2.8. In vitro drug combination studies
The MM cell lines RPMI 8226, U266, NCI‐H929, MM.1S, and MM.1R were treated with DCA (D54702, Sigma Chemical Co St. Louis, MO) and chemotherapy agents for 72 or 96 hours, and the neutral red uptake assay was used to determine total viable cell number, expressed as a percentage of untreated/vehicle control cells. (See Appendix S1 for full details.) At least three independent experiments were performed for each treatment.
3. RESULTS
3.1. Patient characteristics
Six Caucasian patients were enrolled in this study between May 2015 and June 2016. Patient demographics, baseline disease, prior treatments, and comorbidities are listed in Table 1. Four of these six patients had myeloma with intact paraproteins, whereas two patients had free light chain myeloma (P001, free kappa; P002 free lambda). The mean age at enrollment was 65.6 years (range 52‐77). They had 2‐7 prior therapies. Five of six patients were on comaintenance treatments during the study (Table 1). Maintenance treatment in P002 (CyBorD) was stopped at study d30 due to steroid myopathy and insomnia.
Table 1.
Patient ID | P001 | P002 | P003 | P004 | P005 | P006 |
---|---|---|---|---|---|---|
Age of enrollment | 70 | 72 | 77 | 61 | 62 | 52 |
Gender | Male | Male | Female | Male | Male | Male |
Age of diagnosis | 65 | 62 | 75 | 60 | 60 | 49 |
Diagnosis (year) | 2010 | 2005 | 2013 | 2014 | 2013 | 2012 |
Ethnicity | Caucasian | Caucasian | Caucasian | Caucasian | Caucasian | Caucasian |
Cytogenetics | Normal | Unknown | Normal | Complex b | Normal | Normal |
Light chain only myeloma (κ/λ) | No | λ | No | No | No | No |
Intact paraprotein (HC/LC Isotypes) |
a IgA/κ | No | IgG/κ | IgG/ λ | IgG/ λ | IgG/κ |
Baseline disease |
FLC (λ‐κ) 45 mg/L |
FLC (λ‐κ) 239 mg/L |
Paraprotein 9 g/L |
Paraprotein 4 g/L |
Paraprotein 4 g/L |
Paraprotein 10 g/L |
Comaintenance treatment | None | CyBorD(until study day 30) | Thalidomide | Thalidomide, DEX | Thalidomide | Lenalidomide, DEX |
Best response received after 1st therapy | VGPR | VGPR | SD | PR | PR | PR |
Lines of prior therapy | 3 | 7 | 2 | 3 | 3 | 3 |
Comorbidities |
Deep vein thrombosis/ pulmonary embolism; kidney stones |
Unknown | Dyslipidemia | No | Gastro‐esophageal reflux |
Deep vein thrombosis/ pulmonary embolism |
Abbreviations: CyBorD, Cyclophosphamide + Bortezomib +Dexamethasone; DEX: dexamethasone; CR, complete response; FLC, free light chain; HC, heavy chain; LC, light chain; sCR, stringent complete response; PR, partial response; SD, stable disease; VGPR, very good partial response.
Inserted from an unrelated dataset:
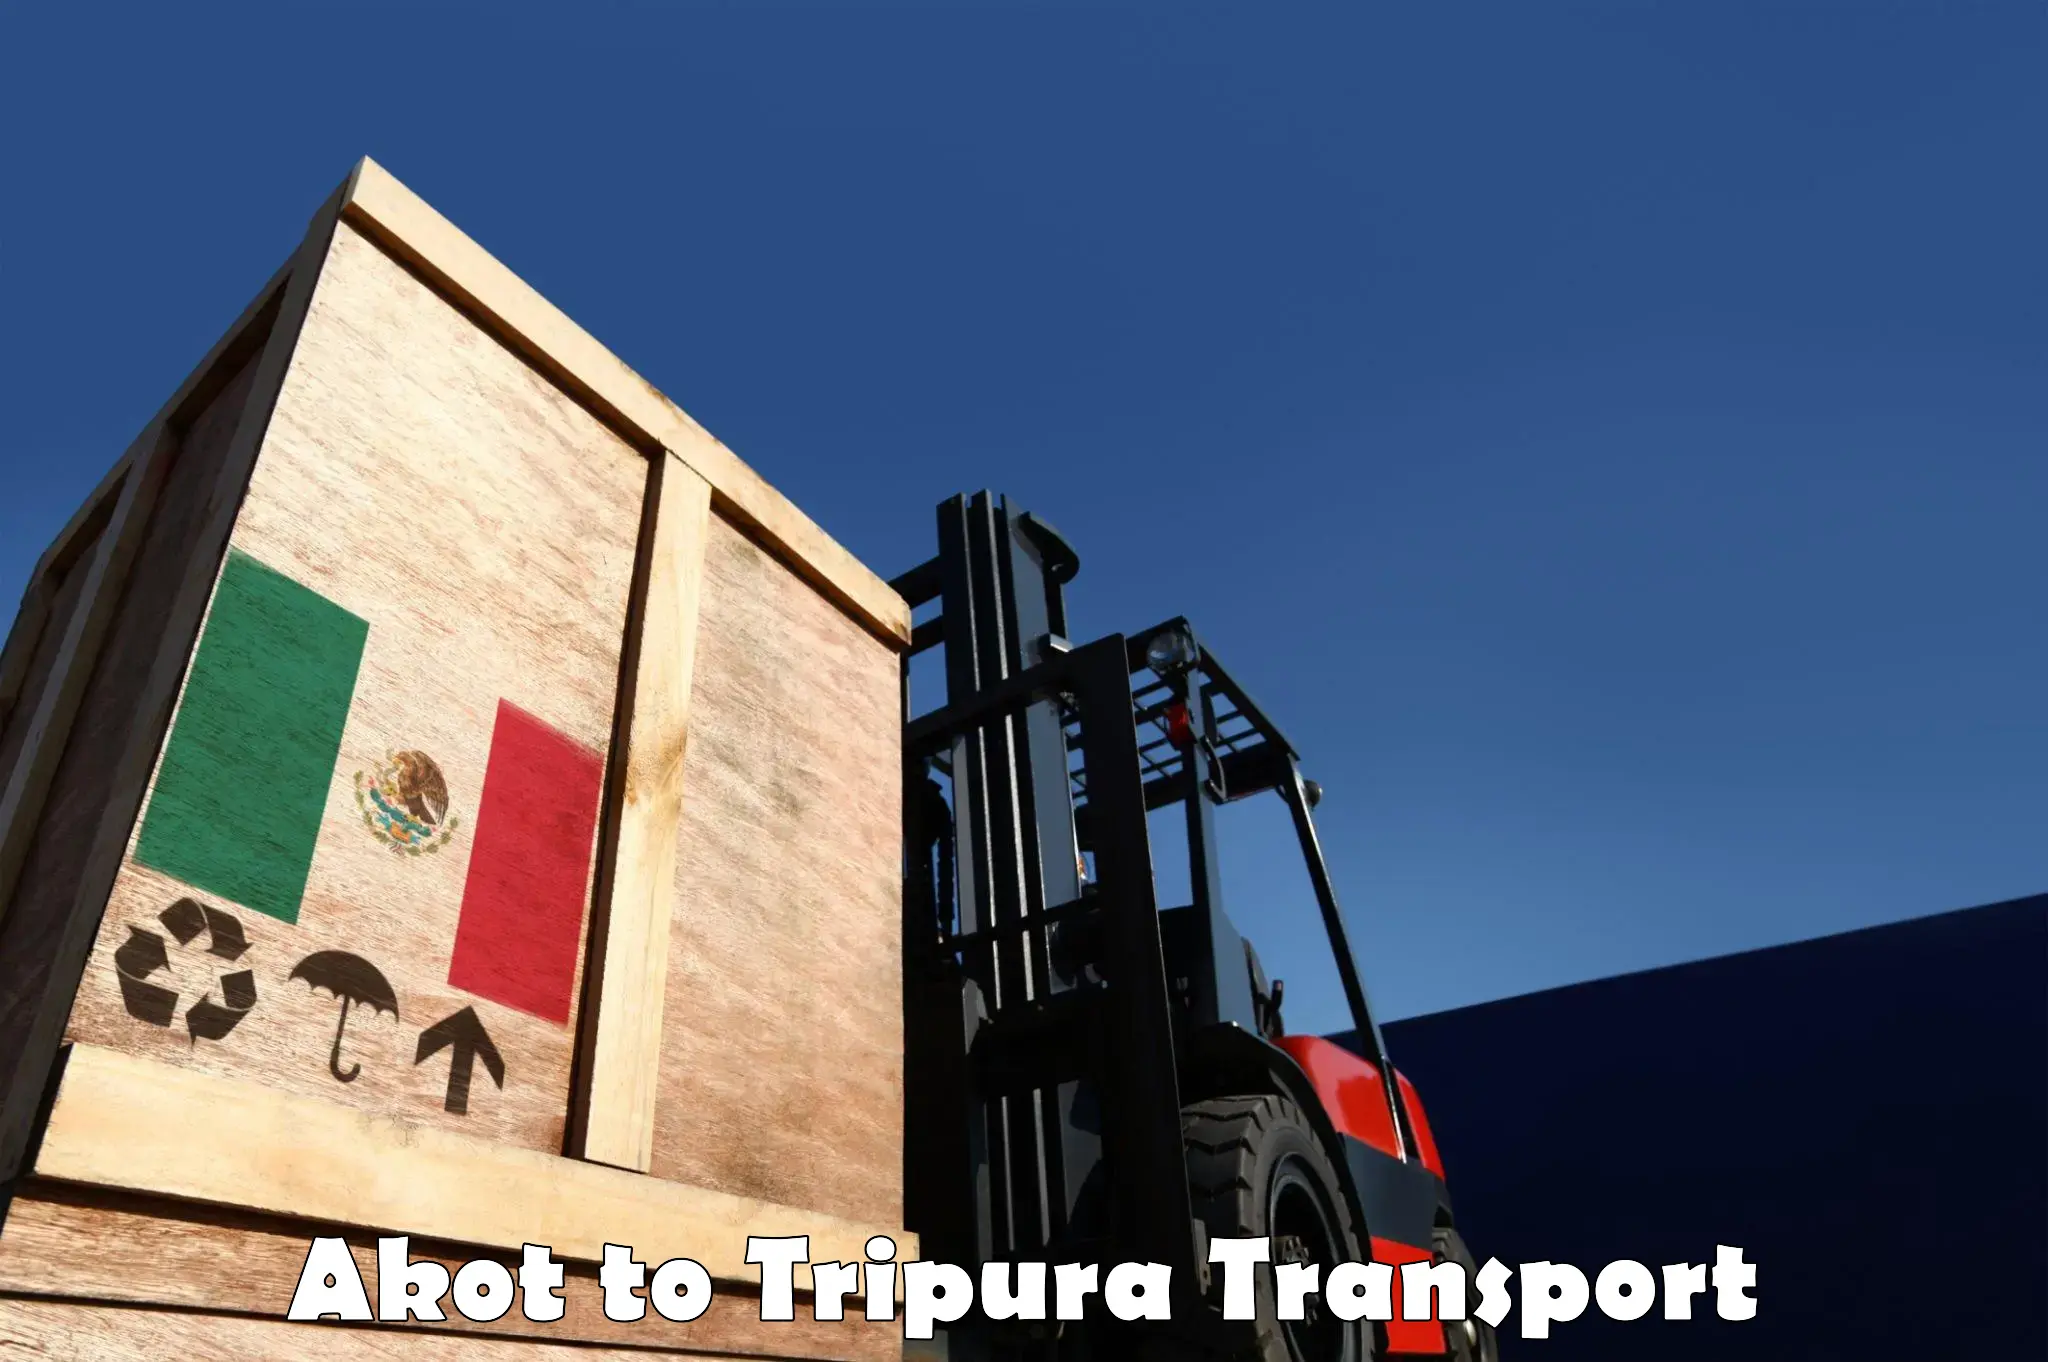 Online transport booking Akot to Udaipur Tripura

P001: P001 showed an IgA paraprotein at diagnosis in 2010, but the IgA paraprotein was not detected after 5 years on the screening day for the trial in 2015, thus his disease readout was presented as free light chain myeloma.
P004 cytogenetics results: (43,X, Y, add (1)(q21), add (2)(p23), add (2)(q33), add (4)(p15), der (8) t (8; 17)(p21; q11.2), del (11)(p12), add (12)(q13), −13, t (14; 22)(q32; q12), −16, −16, −17, −20, +mar1‐3[12]/sdl, del (6)(q25)[5]/46, XX [36].
Four patients had normal cytogenetics and one patient was untested (Table 1). Patient P004 had confirmed complex cytogenetics including chromosome 1 abnormalities, 14q32 rearrangements and monosomy 13 which are associated with poor prognosis.30, 31 P004 was withdrawn from the study after 1 month due to rapid disease progression.
3.2. Patient response
One of the six patients (P002) showed a response to DCA treatment at d28 maintained to d84 (Figure 1A, Figure S1). Two patients had transient falls in measurable disease at d28 (P001 and P003), but did not meet response criteria. After DCA treatment was completed, P002 steadily progressed. P004 was taken off the trial at d28 due to disease progression. P005 had a 25% (1g) increase in paraprotein on d56, which did not meet criteria for progression and returned to the baseline level (4 g/L) and remained at that level throughout the rest of the trial. P006 had a gradual increase in paraprotein during the trial, reaching the criteria for disease progression on d84, the last day of DCA treatment (Figure 1A, Figure S1).
3.3. Toxicity
No patient withdrew from the trial due to DCA induced toxicity, and none required dose reduction during the 3‐month DCA treatment period. Blood counts, liver, and kidney function were not adversely affected, consistent with previous findings from DCA trials in cancer patients.14, 15, 17 There were no problems with compliance as indicated by interviewing the patients and return of unused medication.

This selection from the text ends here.